(Beginning of COLLECTED DATA)
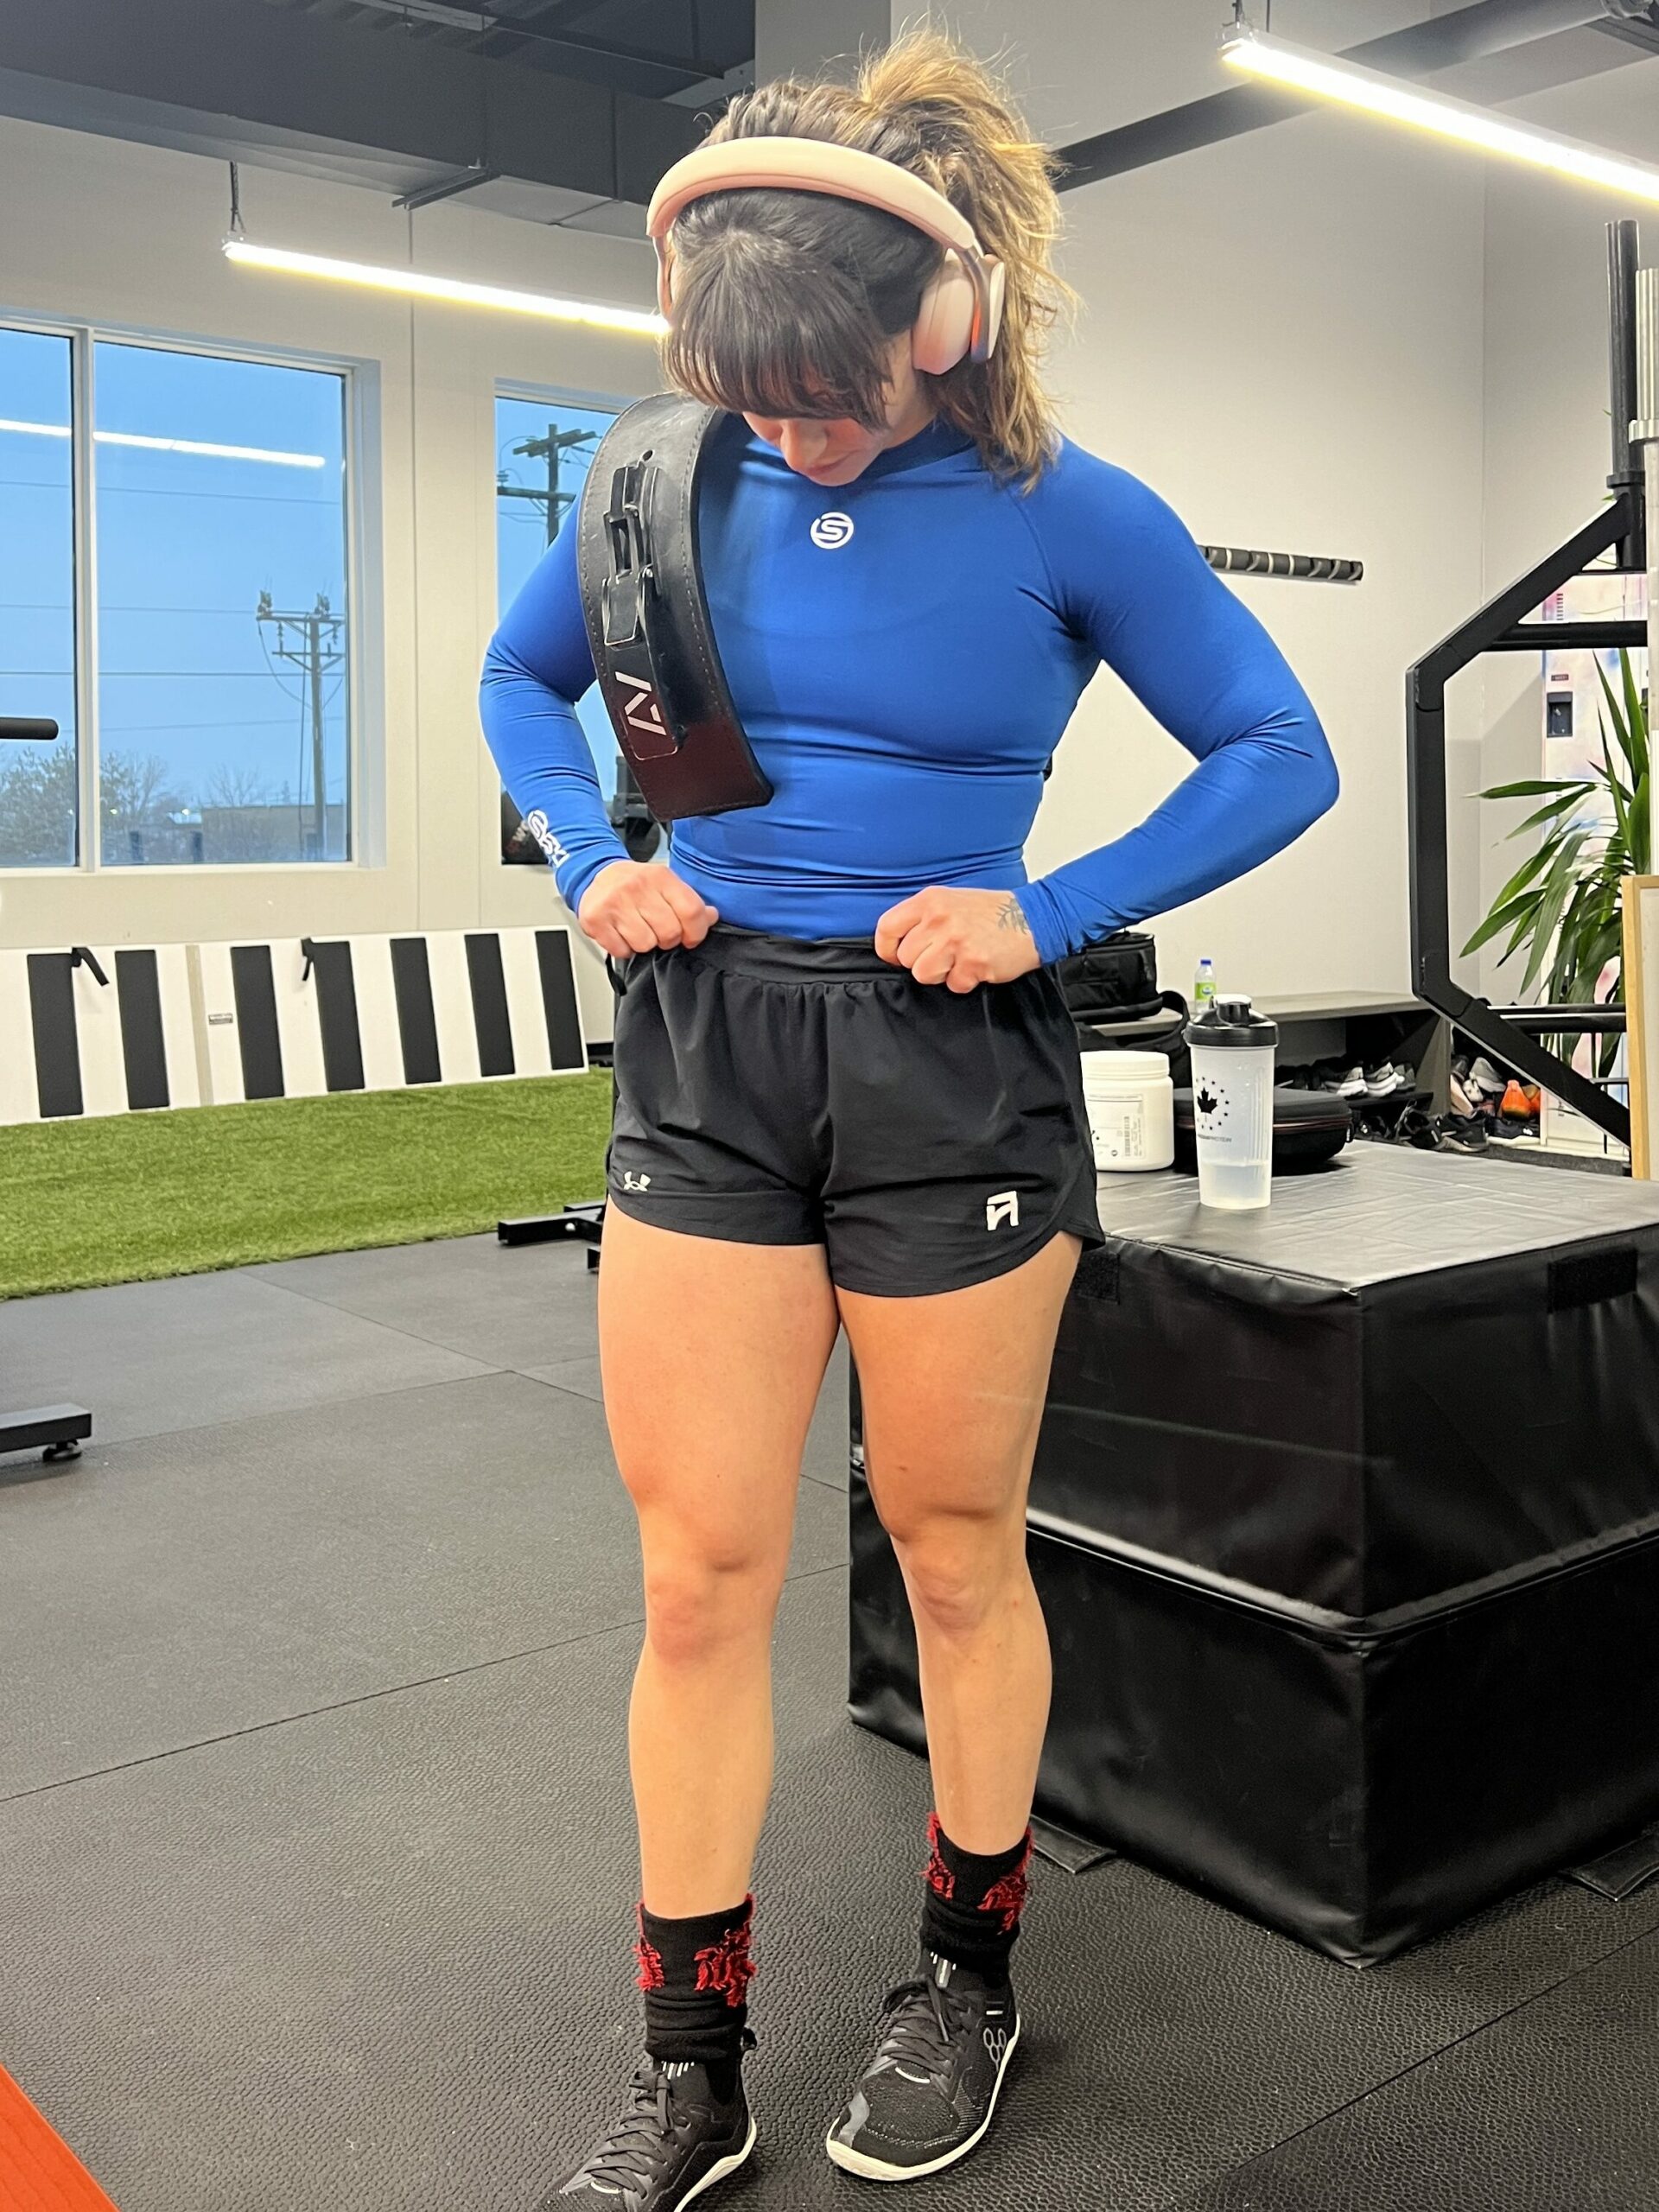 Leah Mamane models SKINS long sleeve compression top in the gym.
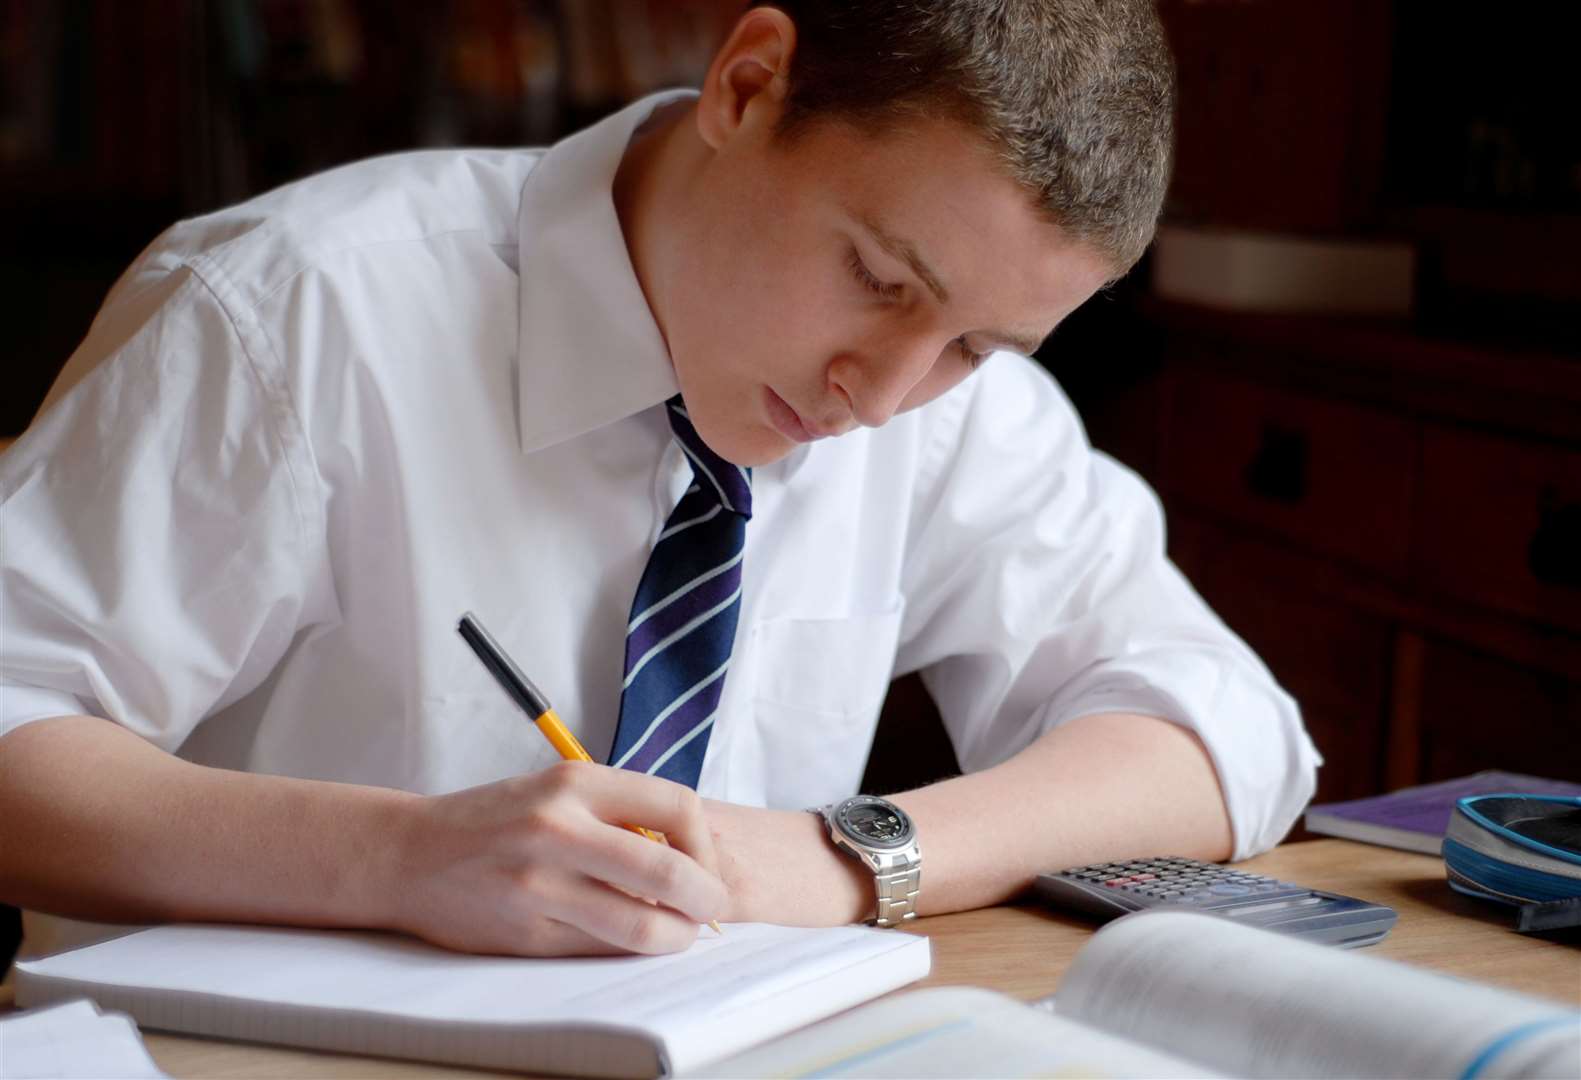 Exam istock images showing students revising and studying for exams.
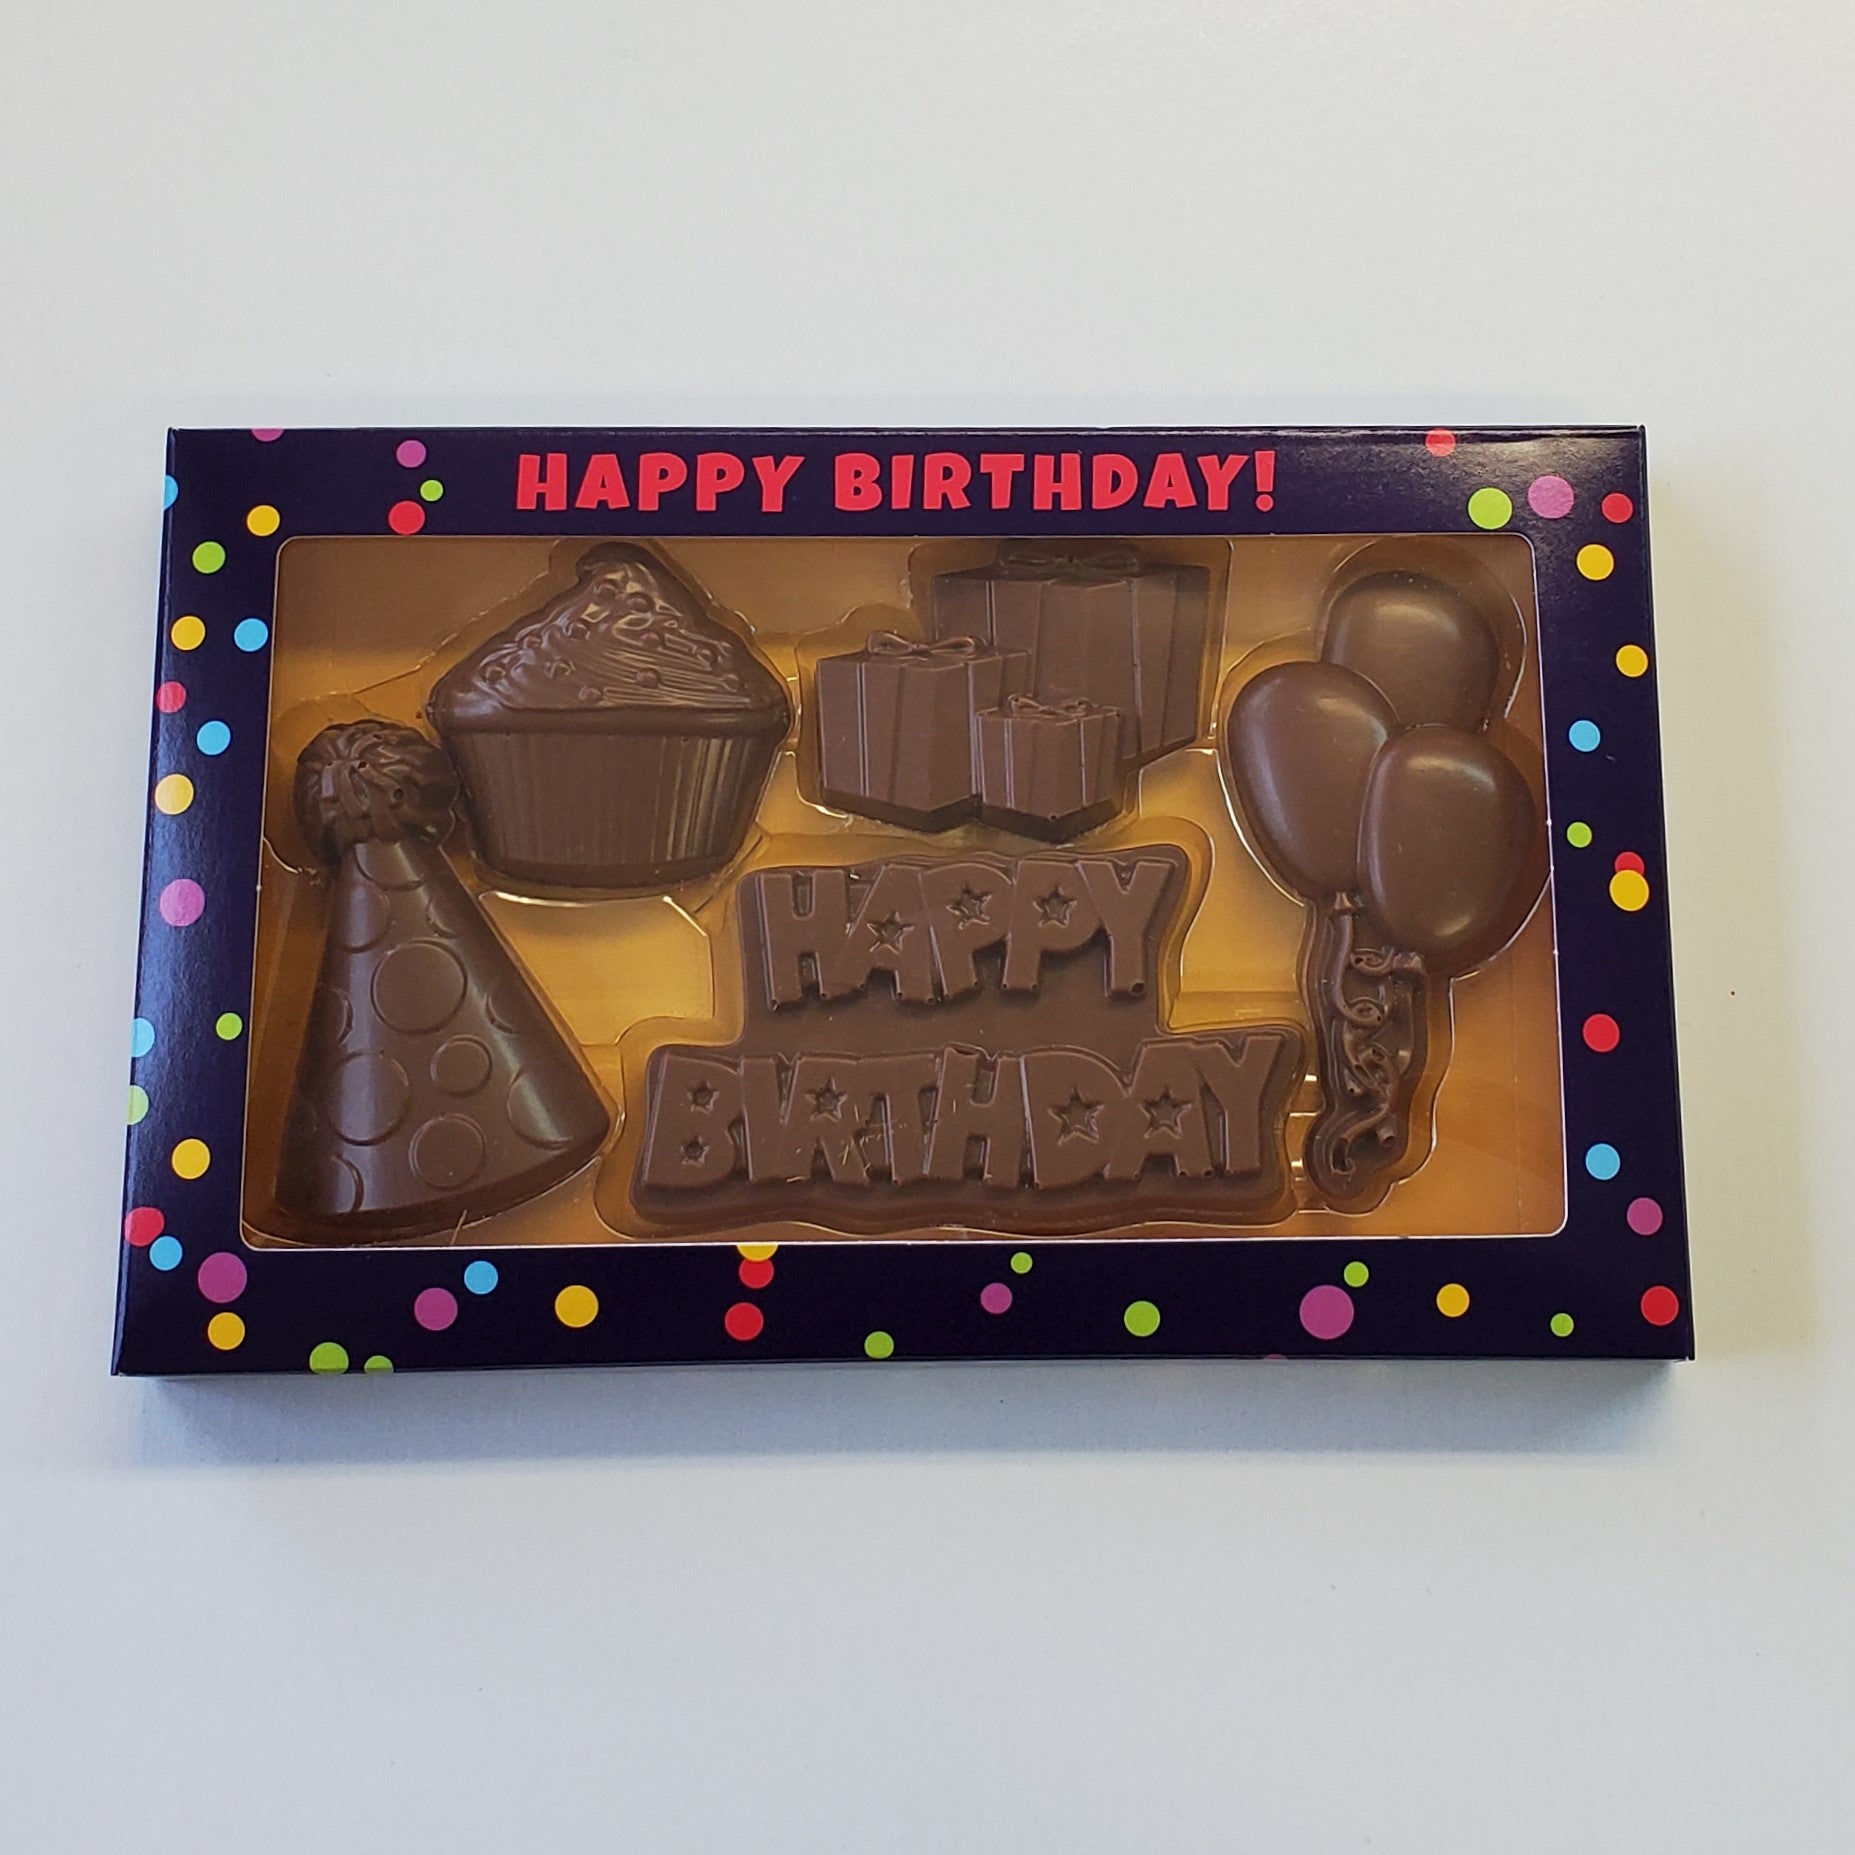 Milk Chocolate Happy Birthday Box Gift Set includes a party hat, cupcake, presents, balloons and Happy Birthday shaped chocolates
(End of COLLECTED DATA)
• [ASSIGNMENT] Write the lines above out again exactly, without any of their pictures.

• [EXERCISE ANSWER]
 Leah Mamane models SKINS long sleeve compression top in the gym.
 Exam istock images showing students revising and studying for exams.
 Milk Chocolate Happy Birthday Box Gift Set includes a party hat, cupcake, presents, balloons and Happy Birthday shaped chocolates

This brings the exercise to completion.